Top of DATA

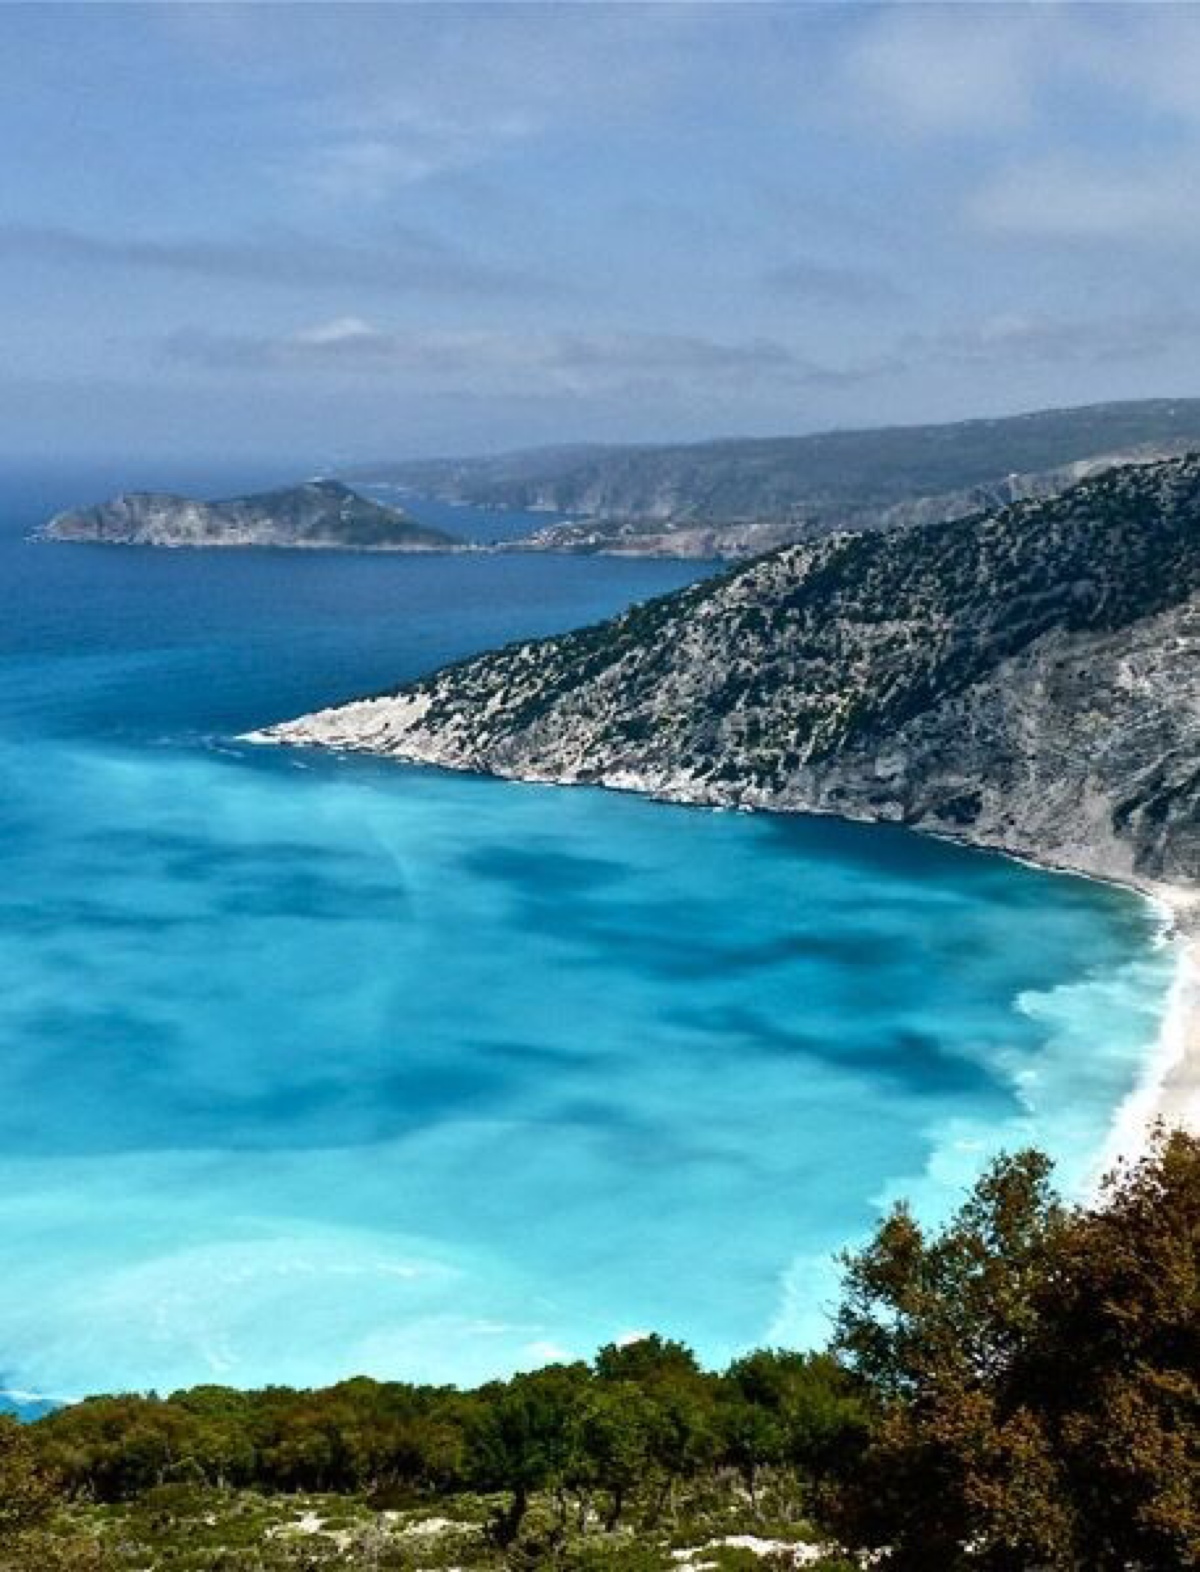 希腊:米尔托斯海滩 myrtos beach 米尔托斯海滩是希腊最美海滩,其位于
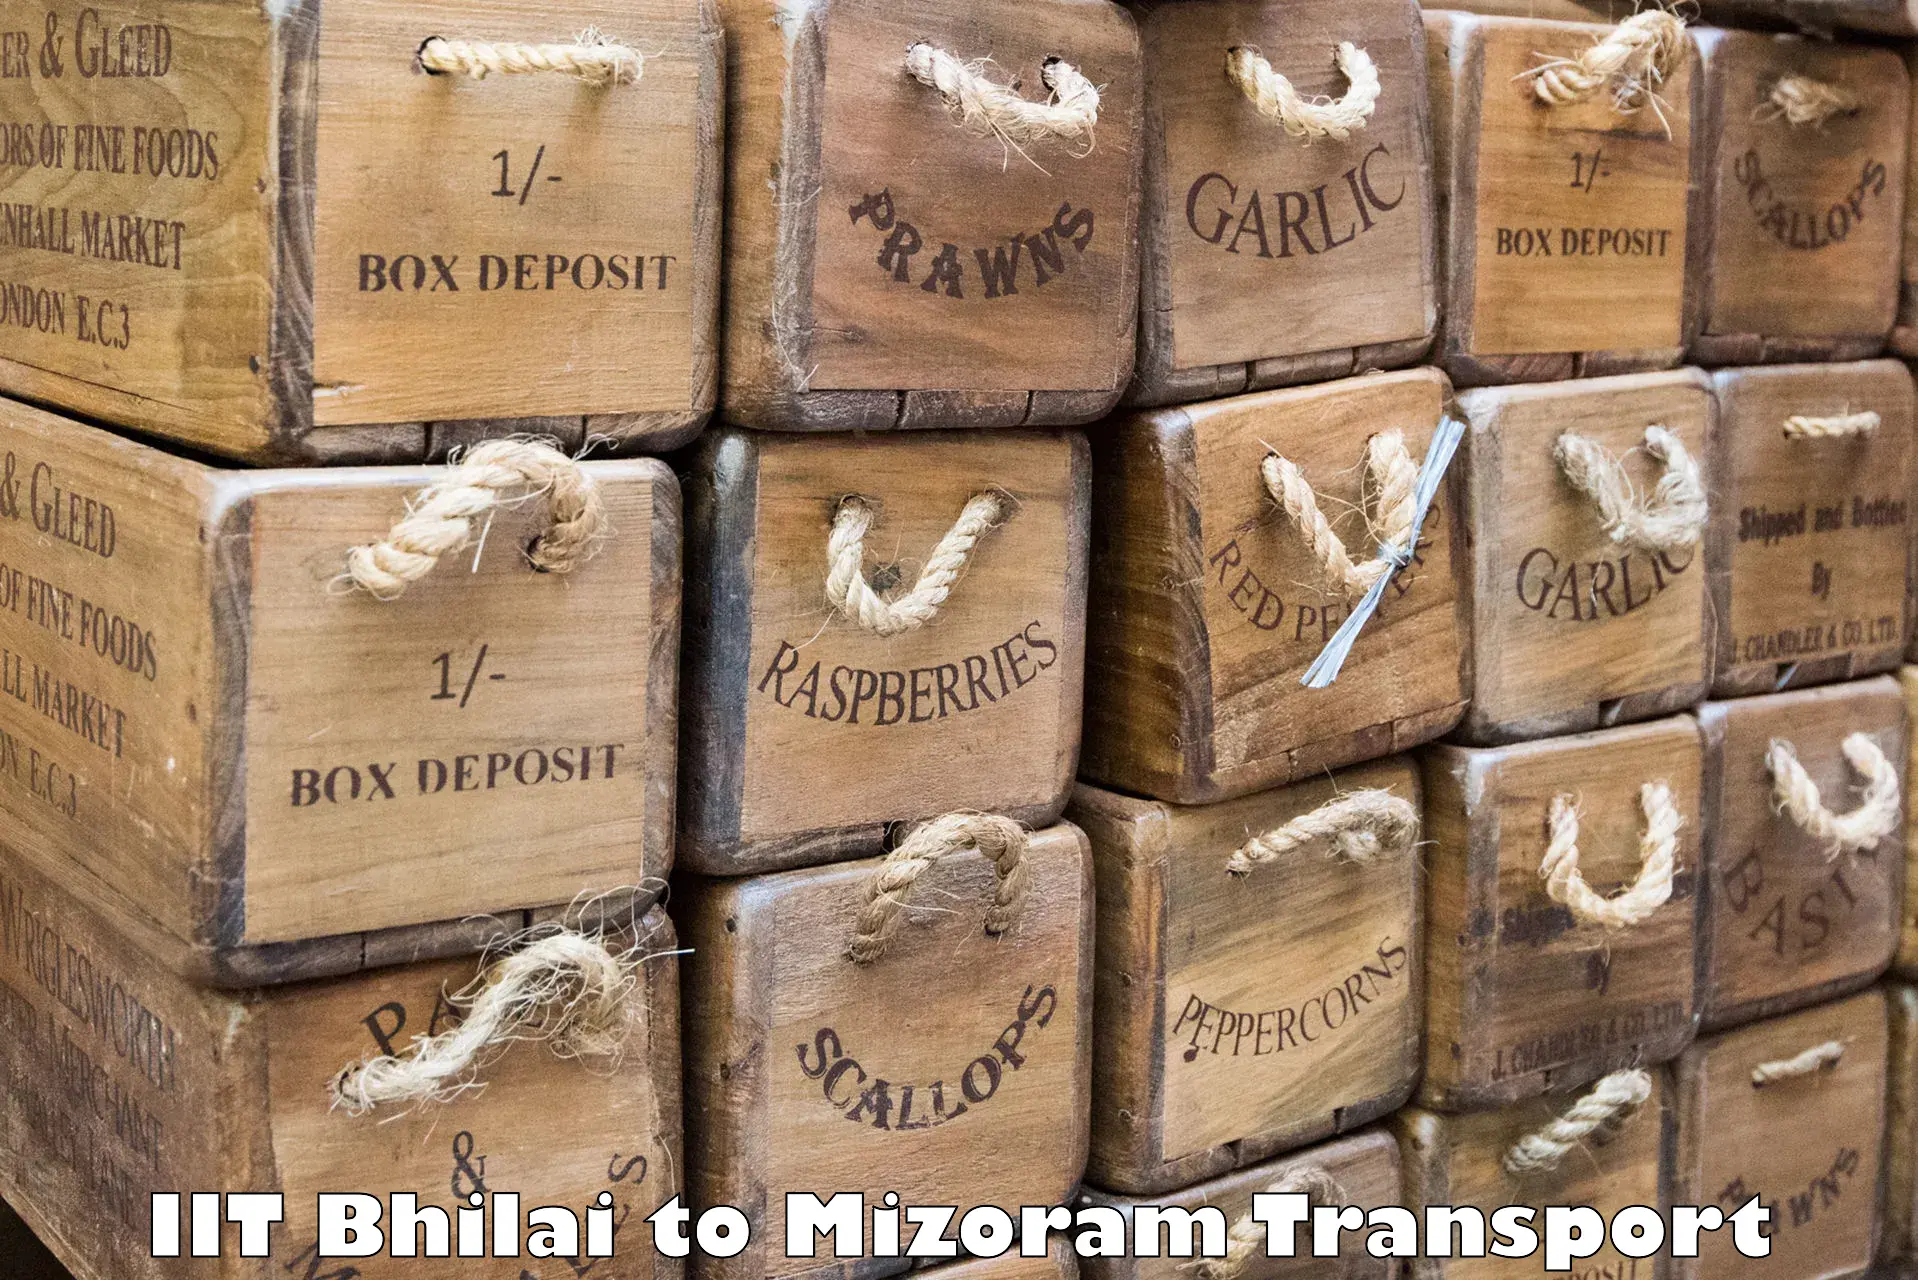 Cargo train transport services IIT Bhilai to Mizoram
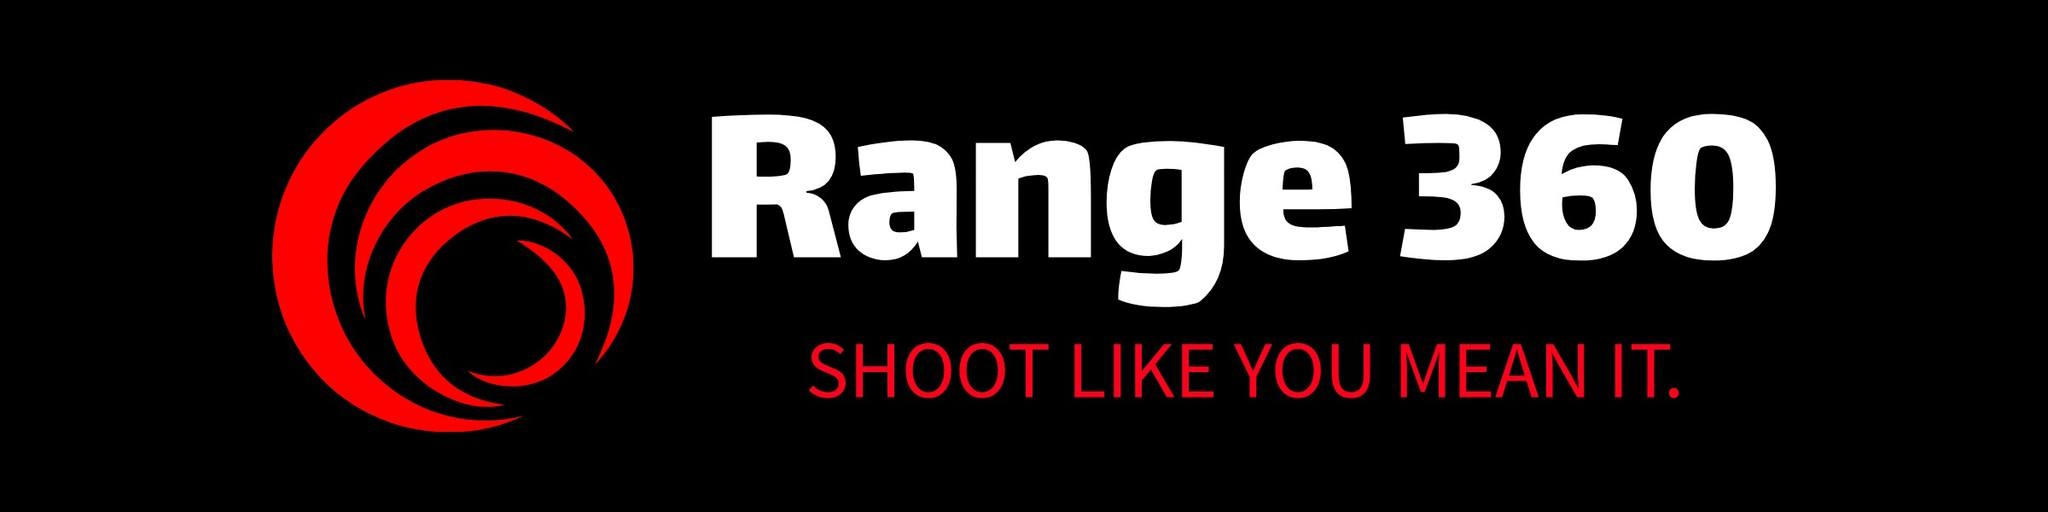 Range 360

Bottom of DATA

**PROBLEM STATEMENT**
Copy the lines above exactly and exclude every image.

**WRITTEN SOLUTION**
 希腊:米尔托斯海滩 myrtos beach 米尔托斯海滩是希腊最美海滩,其位于
 Cargo train transport services IIT Bhilai to Mizoram
 Range 360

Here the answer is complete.